From the desk of our CIO

June 2020

Creating a new economic model

At the end of the first quarter we stared into the abyss of the Covid-19 pandemic with markets in freefall and central bankers priming the liquidity pumps to facilitate financial markets operations. It seemed to have worked! Markets have rallied off the March lows to test previous market highs, but the breadth of the rally has been narrow with technology stocks leading the charge higher. Whilst many may cheer the market’s reaction, the economic impact on ordinary people has been dire.

The pandemic has exposed deep inequalities in health care systems across the globe, coupled with an increased awareness of political will, or lack thereof, to address the underlying issues. A recent Johns Hopkins University study revealed the following:

while Black Americans represent only about 13% of the population in the states reporting racial/ethnic information, they account for about 34% of the total Covid-19 deaths of those states.

These issues are not unique to the USA but have been echoed across the globe under the Black Lives Matter movement, highlighting inequalities facing many societies across the globe.

Whilst central bankers support Wall Street, the growing deficits and debt burdens will ultimately have to be funded by future taxpayers. Some politicians remain tone deaf to these realities, but through social media taxpayer voices can become a force for change. President Trump’s Tulsa rally provided a glimpse of the effect of a social media protest with many seats left empty by TikTok and Instagram users in what was consider a well-co-ordinated social media action.
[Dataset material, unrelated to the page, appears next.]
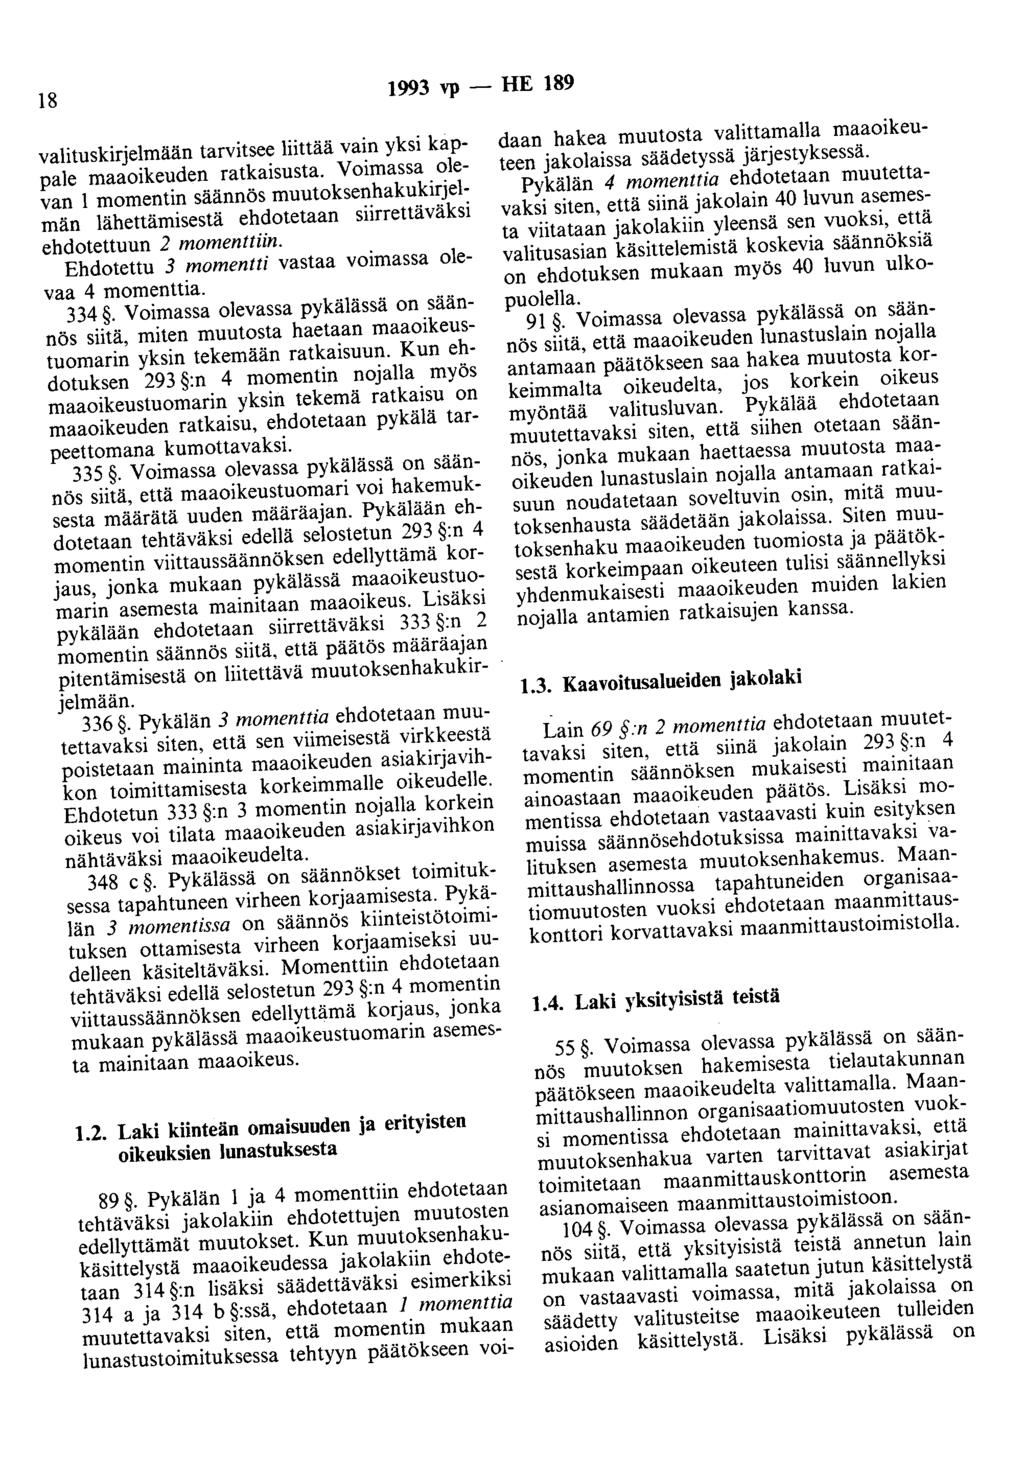 18 1993 vp - HE 189 valituskirjelmään tarvitsee liittää vain yksi kappale maaoikeuden ratkaisusta.

As most governments look to fiscal policies to restart the economy, South Africa faces a debt burden with structural reforms desperately needed. As we embark on these reforms, we need to address critical issues about the society we want to create and how these reforms will tackle historical inequalities that persist. Have we reached a tipping point where systemic inequalities need to be addressed or do we risk facing increased social unrest?

Can we create a future where Capitalism is not about an I but rather an US (society)?